There's no reason to presume TSA won't change its individual or collective
minds on even permitting any bags with this feature to "speed" through the
security theater, too. You could well end up taking longer to untangle your
laptop if they do.

------
gtani
It would be easier to have custom-made a padded sleeve with lots of velcro on
the side, and a big bag with the corresponding velcro inside.
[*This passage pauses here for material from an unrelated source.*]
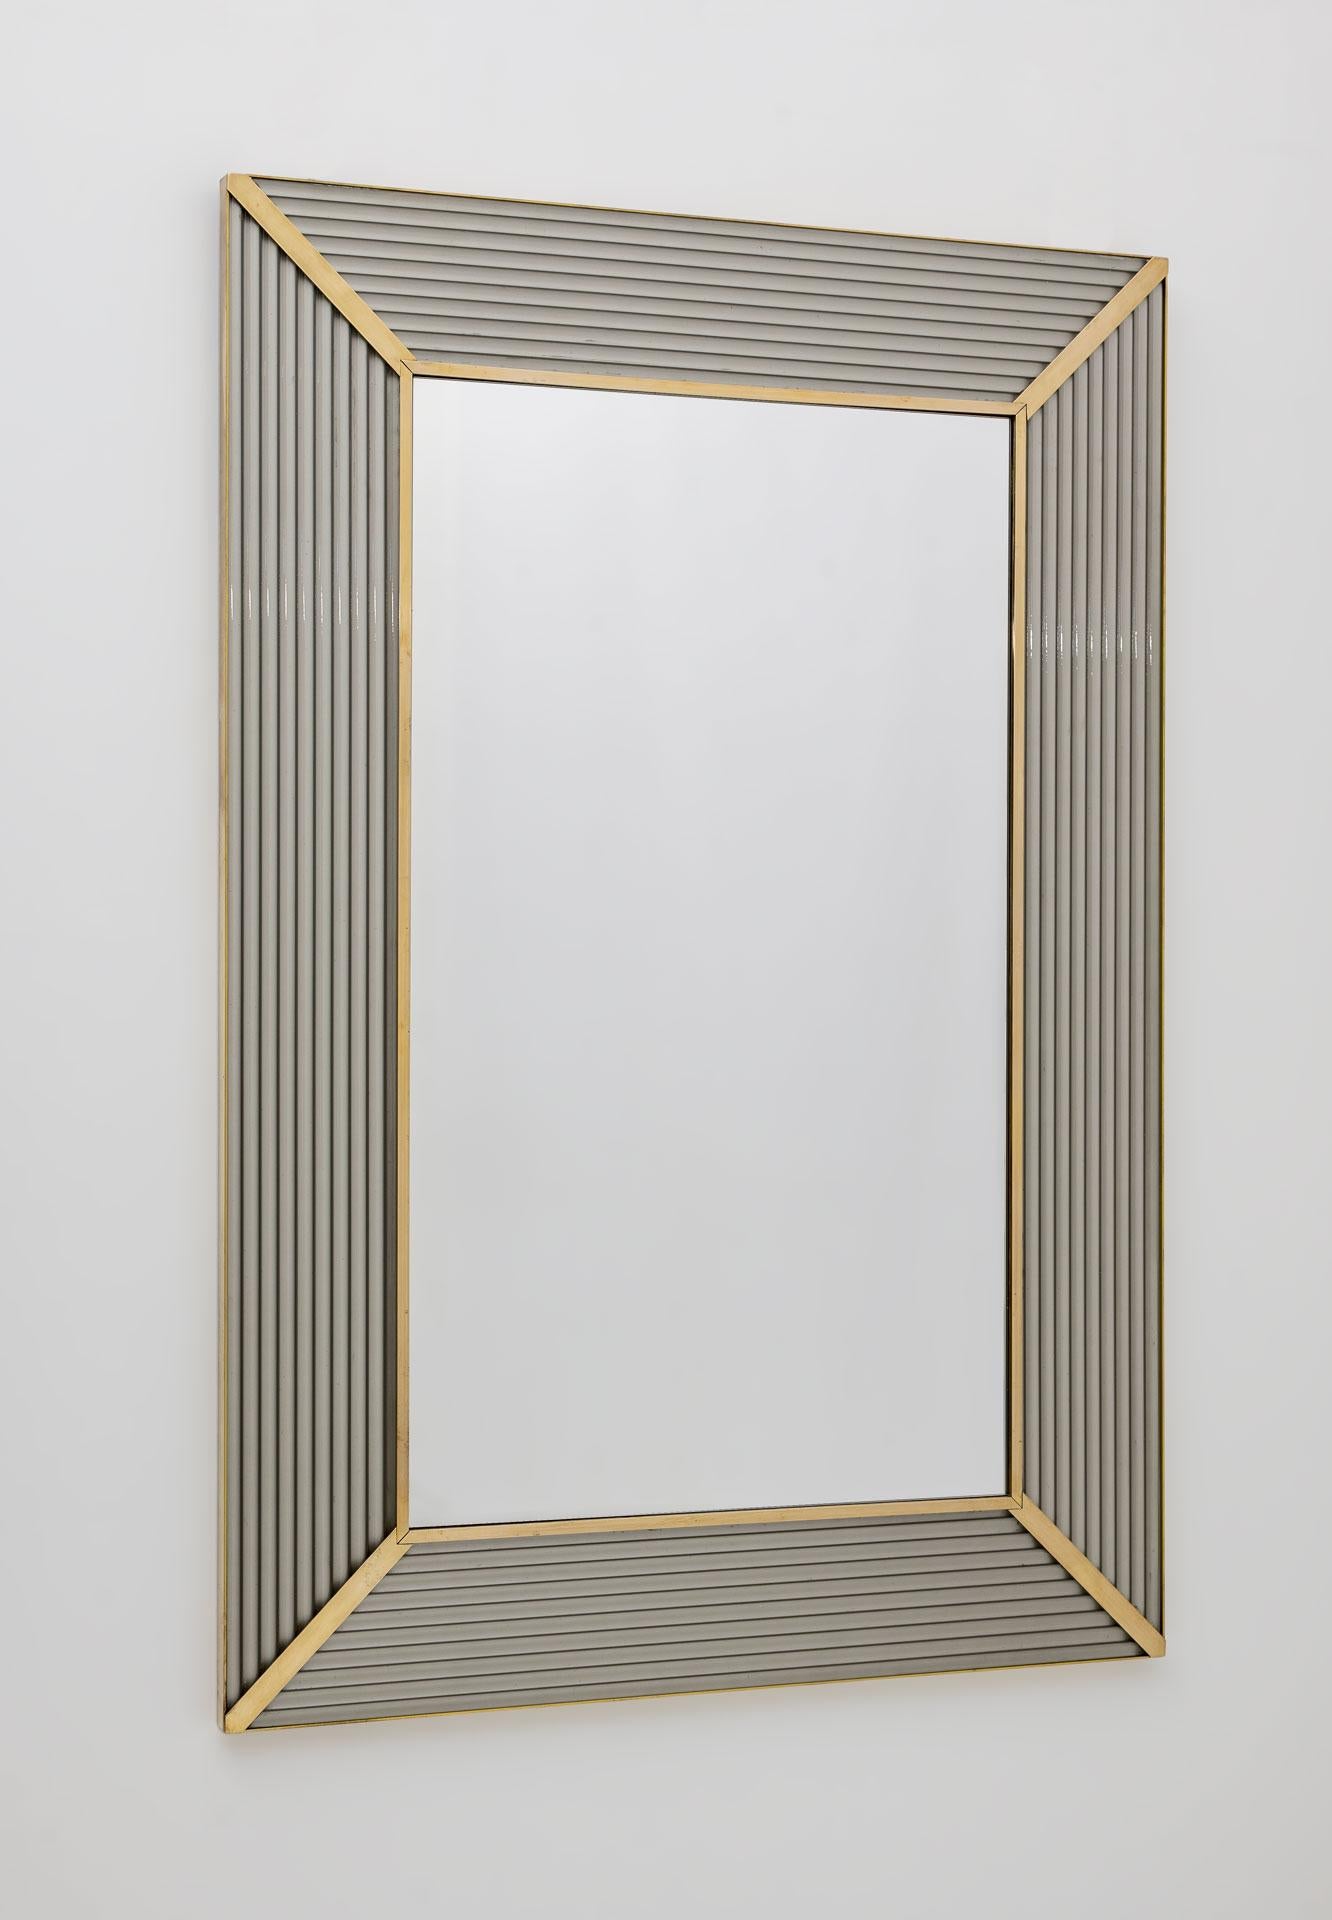 Spiegel mit grauem Murano-Glasrahmen, mit Messingleiste, die Spiegelstruktur ist aus Holz.
Der Spiegel kann sowohl senkrecht als auch waagerecht aufgehängt werden

I only buy bags at chain stores so i can check out the padding first (Apple,
best buy, circuit city), I need burly laptop bags (like Brenthaven, Patagonia
or Chrome bag). I found this out after nearly smashing in DVI port on my poor
powerbook

There's this one they claim you can check in to airline(?):

<http://www.brenthaven.com/catalog-checkable-case.html>

------
graywh
No self-repsecting hacker would carry any of these, except the last one. Their
designs are all geared toward "business" travelers--you know, the ones wearing
a suit and using WindowsOS.

------
jmackinn
I really don't see how these bags are different than any normal laptop bag
except there is some airport/security reference in the name, the price is
inflated and they are made with cheap plastic zippers. I've traveled all over
the world with my laptop and electronic gadgets and never once had an issue an
airport because I used a simple laptop backpack bag.

------
unfoldedorigami
It's too bad those bags are so ugly. Maybe the last one I might consider
carrying around. And, of course, it's the most expensive. Great.

------
PStamatiou
fugly. the only one not bad is the tom bihn and i wouldn carry around a bag
that big every day.